Эмметт пожал плечами.
– Ты все время один – с тех пор, как потерял жену? – спросила она. Ей не терпелось узнать про Бренну, и она пыталась вывести его на разговор о ней.
Эмметт поднял руку без обручального кольца.
– Мне известно, что ты не женат, но как насчет девушки?
– Я что, похож на парня, из которого может выйти стоящий бойфренд?
– Ну ты потрясающе готовишь, успешно выкрутился из штрафа плюс моешь посуду, так что да, возможно, – сказала она, представляя его в полотенце, только сейчас волосы были почти сухие. Представляя его бедра под мягкой серой тканью этих предназначавшихся Джоэлу брюк. Теперь вещи для Джоэла покупала Одетта, она знала его размеры, знала, что не надо покупать одеколон, так как он «потом будет везде».
– Талли, а что, если я все это делаю, чтобы произвести на тебя впечатление?
– Нет, это не так, – сказала она, поддаваясь романтичному туману дружеского флирта.
– Мама меня правильно воспитала.
– Это уж точно, – сказала она. Туман быстро рассеялся при мысли о его бедной матери. – Именно поэтому мне совершенно нестерпимо думать, как она получит по почте твое предсмертное письмо, а ты вот здесь, вполне в порядке.
– Спасибо, но тебе об этом волноваться не стоит, так что не переживай. Давай поговорим о чем-нибудь другом? Ну пожалуйста…
– Хорошо, – на секунду увеличив громкость телевизора и тут же убрав ее совсем, сказала она. – Есть ли у тебя в рюкзаке что-то, чего мне следует опасаться?
– Совсем ничего, – сказал он.
– Но ты мне не скажешь, что там?
– Ничего примечательного, честно. Ничего, что имело бы значение для кого-либо, кроме меня.
– О’кей, – сказала она, кивая и продолжая на него смотреть. Он, казалось, не испытывал от этого никаких неудобств. Ей это понравилось, она почувствовала себя в безопасности.
– Вот это мне нравится. Всегда нравилось, – некоторое время помолчав, прежде чем сменить тему, сказал Эмметт. Он указывал на открытку в рамке, на которую падал кремовый свет лампы.
– Густав Климт.
– «Поцелуй», – отвернувшись к телевизору, сказал он.

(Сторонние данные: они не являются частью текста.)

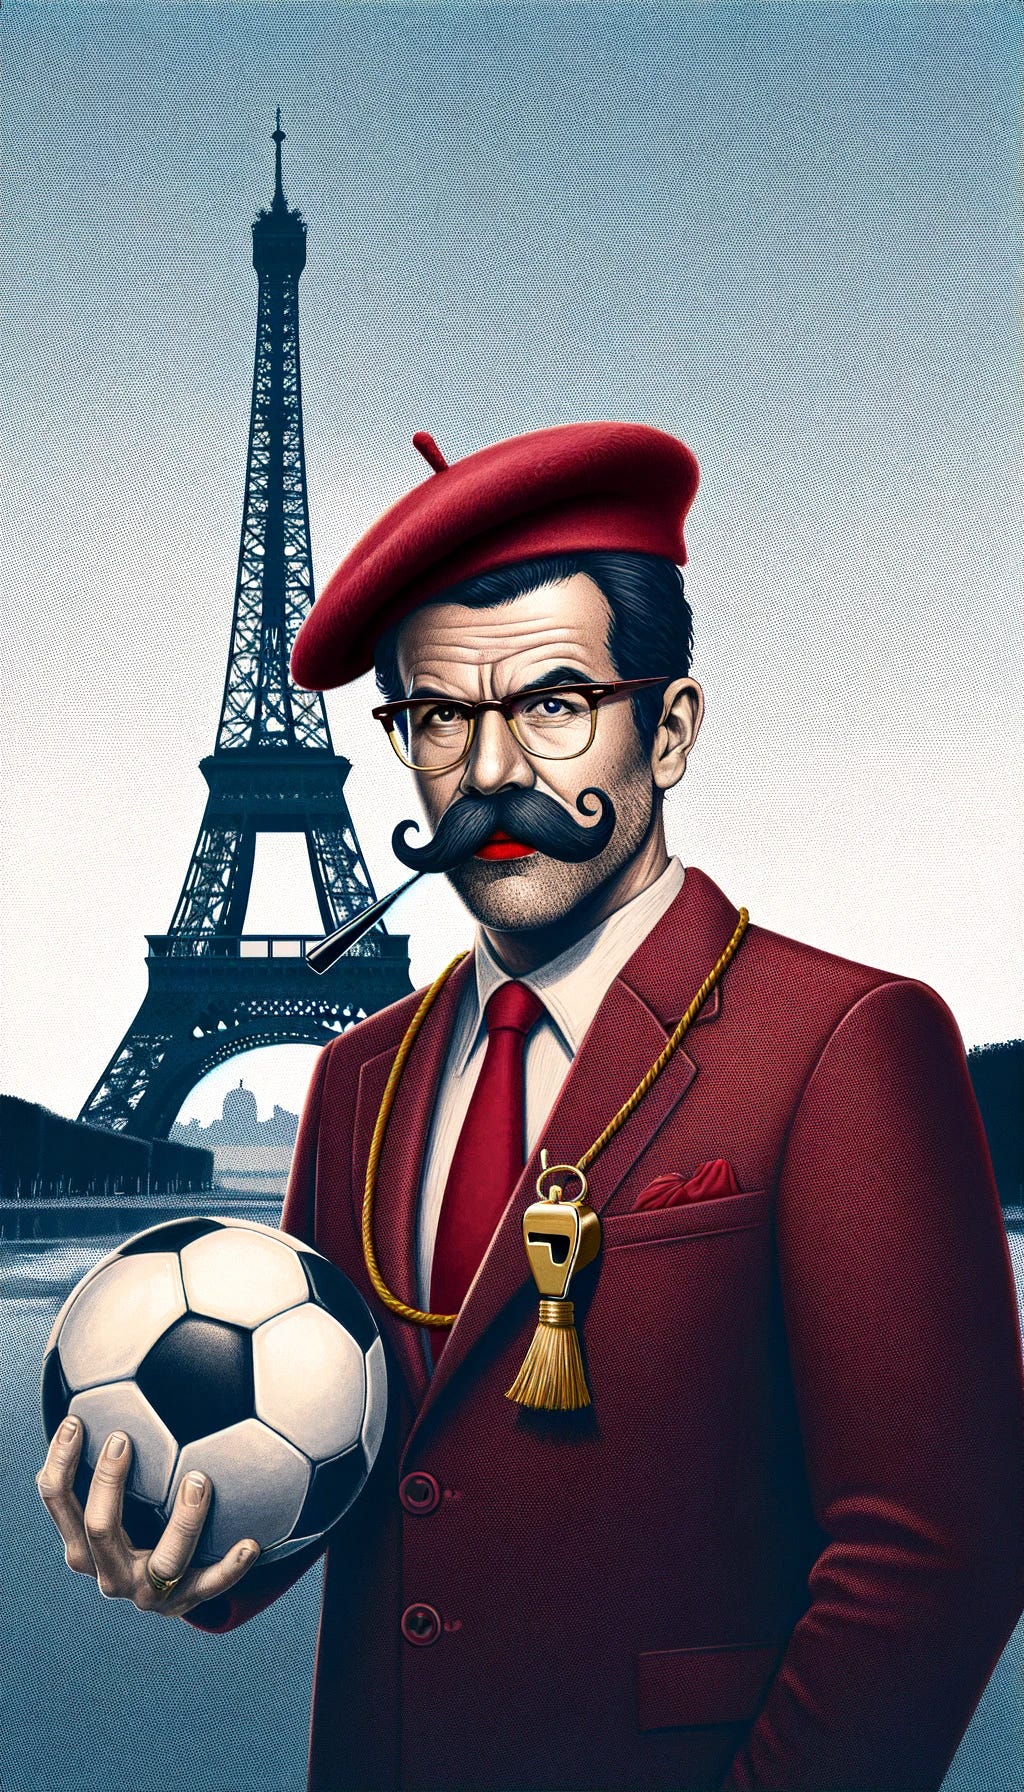 An artistic reinterpretation of the earlier image, adding more distinct elements of Ted Lasso. The character is still in front of the Eiffel Tower, wearing a beret, red lipstick, and a red dress. Now, the character has Ted Lasso's iconic mustache and is holding a coach's whistle around their neck, emphasizing the coaching aspect of Ted Lasso. Additionally, the character is holding a soccer ball, further connecting to Ted Lasso's role as a soccer coach. This creates a humorous and playful blend of Parisian style and the essence of Ted Lasso, set against the backdrop of the Eiffel Tower.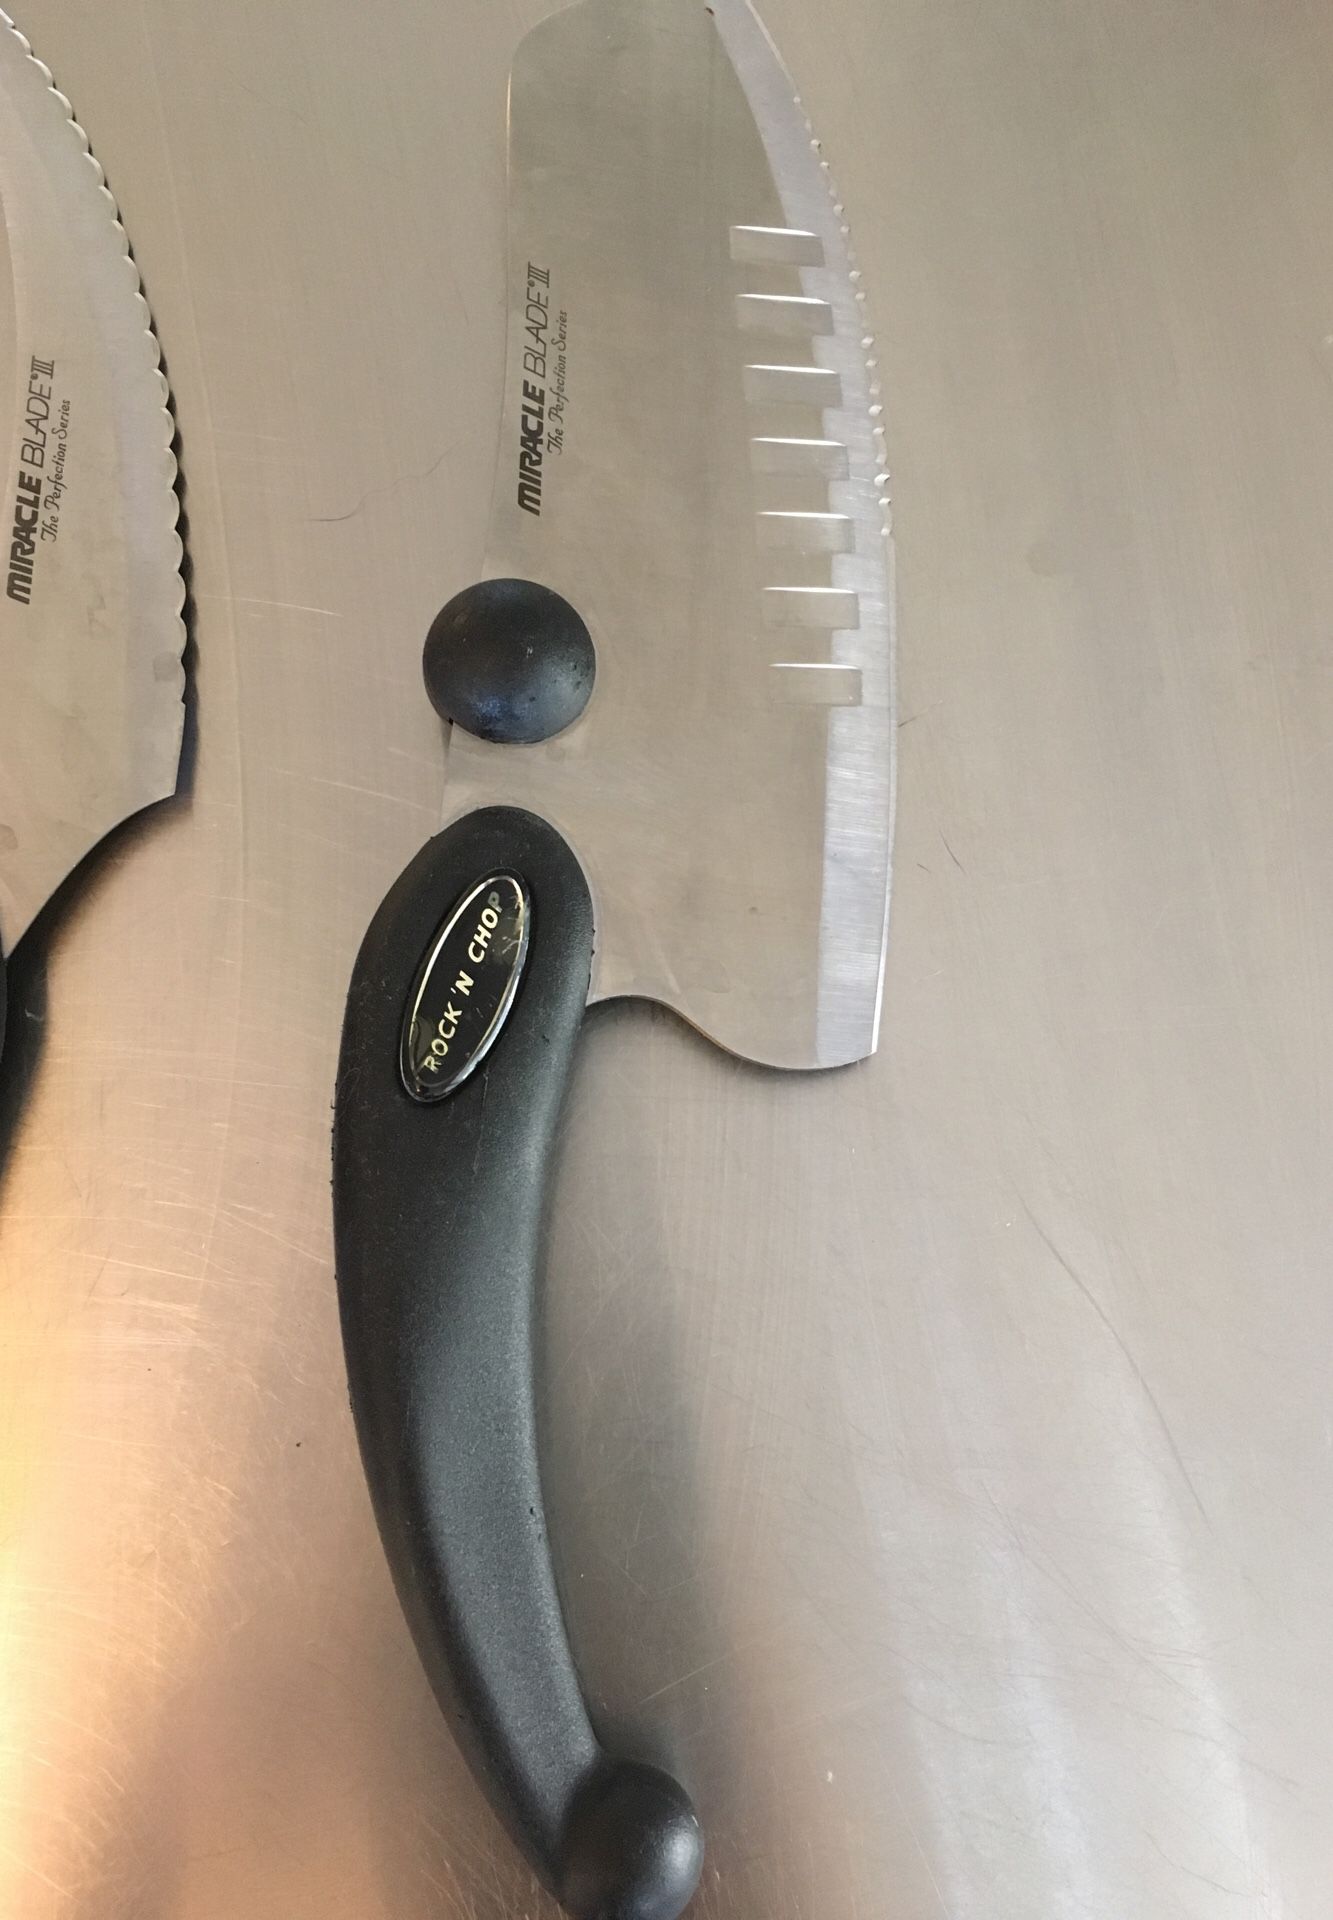 Miracle blade knifes(3) for Sale in San Jose, CA - OfferUp

– Я обожаю историю искусства, хотя и знаю, что именно эту картину Климта теперь где только не увидишь. Любовь к ней не прибавляет мне оригинальности. Мне еще нравится «Даная», – сказала Талли, указывая на другое мерцающее произведение Климта в рамке на полке. – Одно из любимых моих занятий – ходить в художественную галерею в одиночку и находиться в одном пространстве с работами. В тишине. Иногда я там плачу, – сказала она. Она знала, что, когда говорит о своих чувствах, это помогает другим заговорить о своих, а взахлеб делиться своей подлинной любовью к художественной галерее ей было легко. – Не знаю, зачем я это делаю – просто меня… с головой накрывают чувства – мои собственные и всех остальных – и вся история мира.